The hypothesis of the work could be confirmed, which indicates that the design and the selected cognitive tests allowed for the detection of differences between both groups. However, it is necessary to present some considerations for future work. First of all, cognitive tests are not adjusted to the athlete's individual performance. In competitive contexts, athletes’ performance is affected when the difficulty of handling and responding to information exceeds their physical and cognitive abilities. For that same reason, it would be interesting to check performance in cognitive tests where participants are suitably challenged by their difficulty.
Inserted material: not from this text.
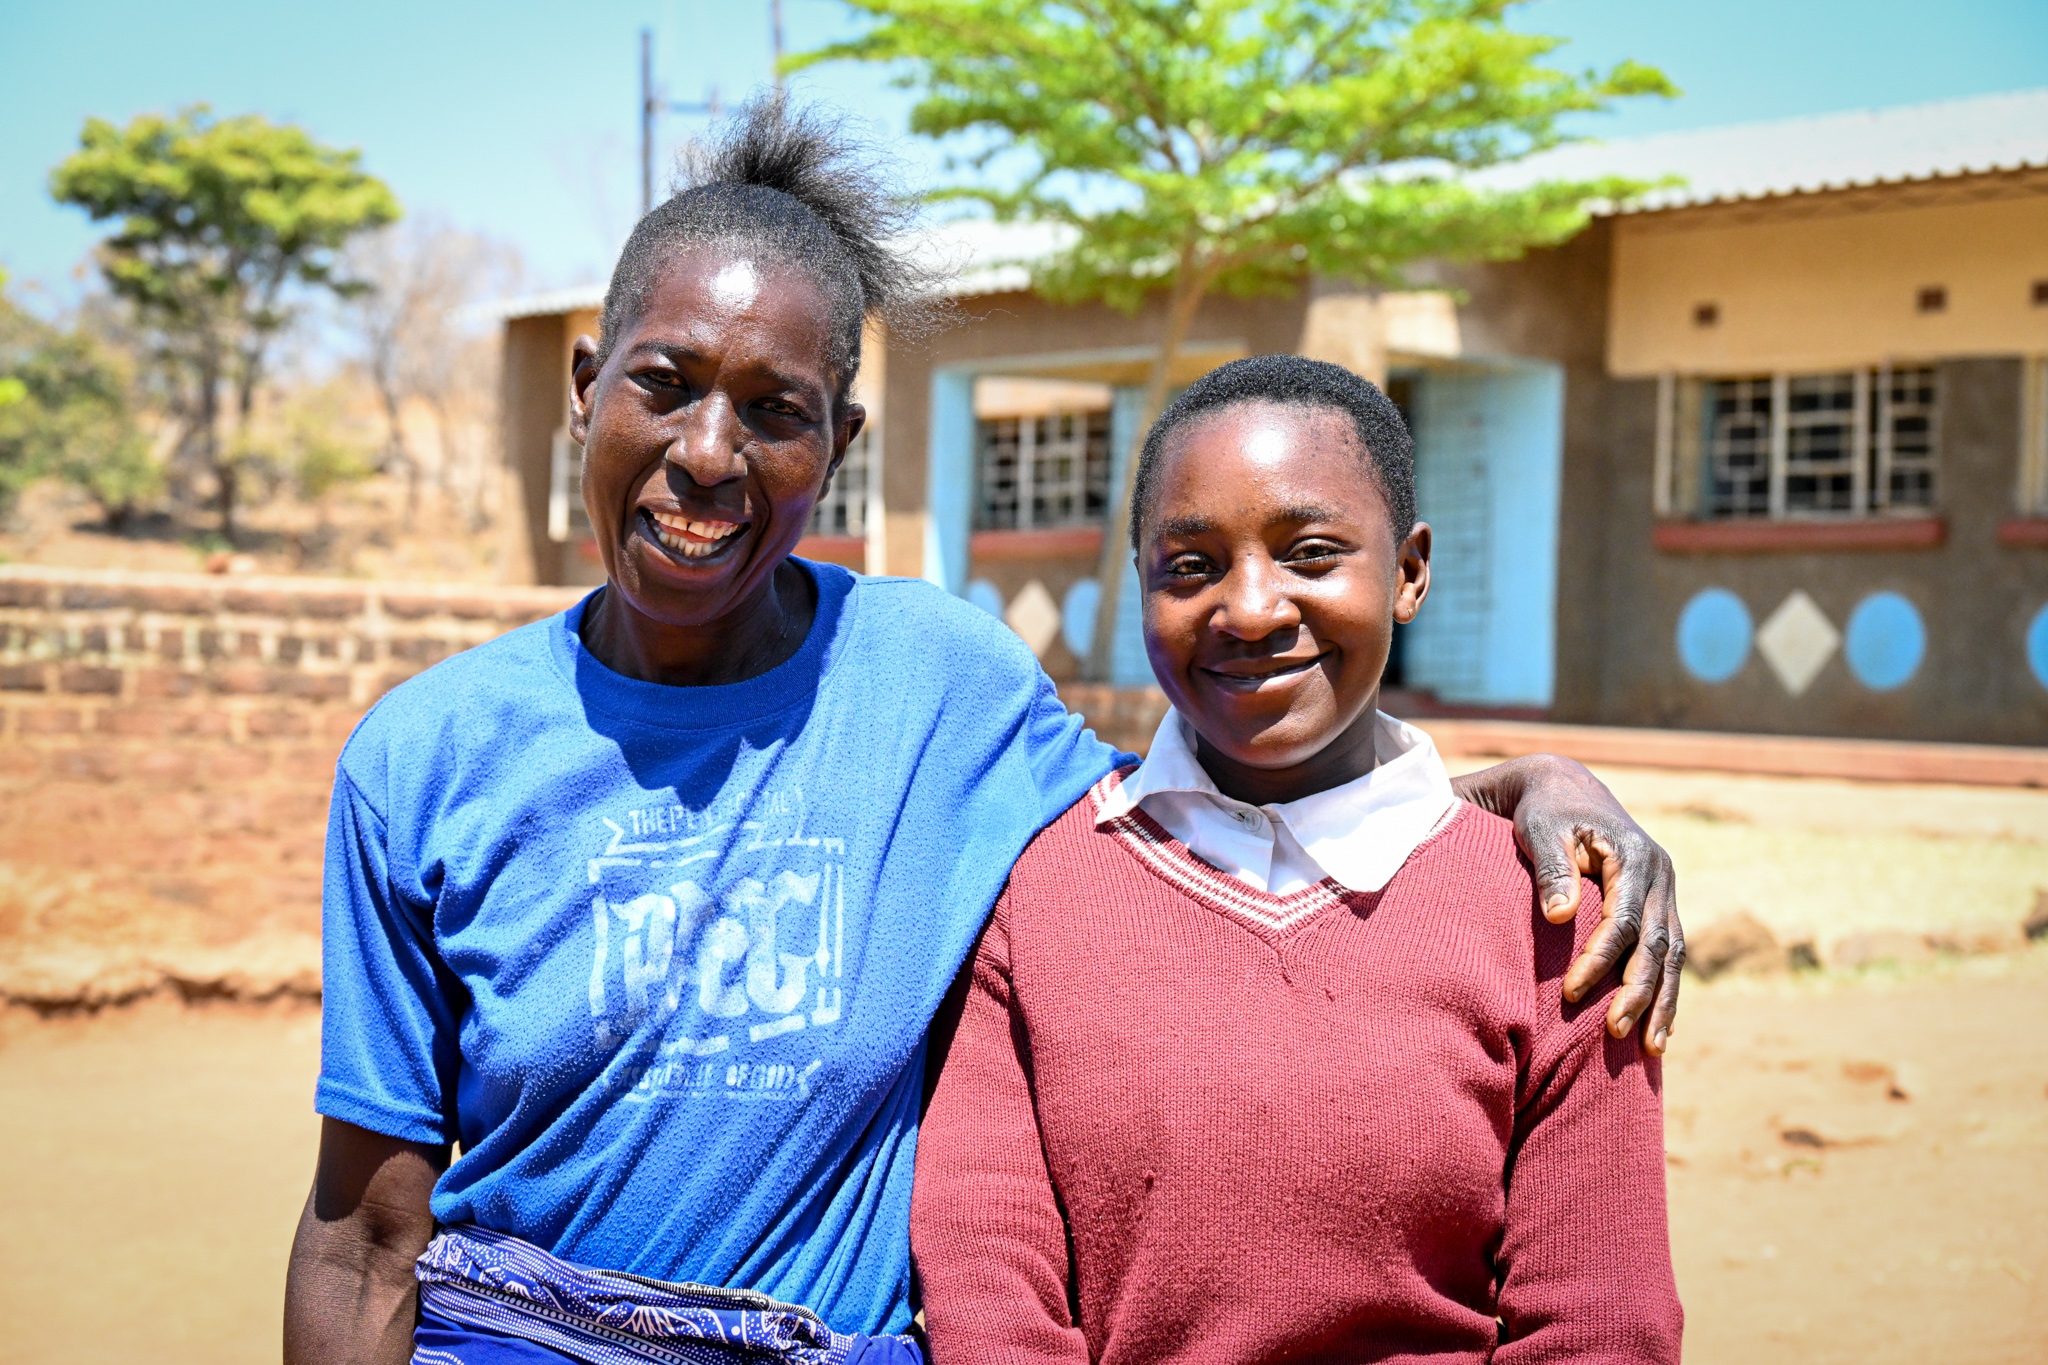 Joyce stands with a female pupil from the school she founded - both smile contentedly

Secondly, this study could be replicated by analysing the evolution of cognitive performance at different stages of rehabilitation. One possibility would be to take three measurements: in the preoperative period, in the postoperative period, and at the end of the rehabilitation process. Consequently, a more comprehensive understanding of the relationship between cognitive factors and ACL injury could be achieved.

Conclusions

Athletes with a history of non-contact ACL injury show worse cognitive performance than athletes without a history of ACL injury in cognitive inhibition, particularly interference control and visual attention. Despite having completed the rehabilitation process, athletes with a history of non-contact ACL injury do not achieve cognitive performance similar to athletes without a history of ACL injury. Consequently, rehabilitators and exercise professionals should consider the work and evaluation of executive functions during the rehabilitation process of ACL injuries.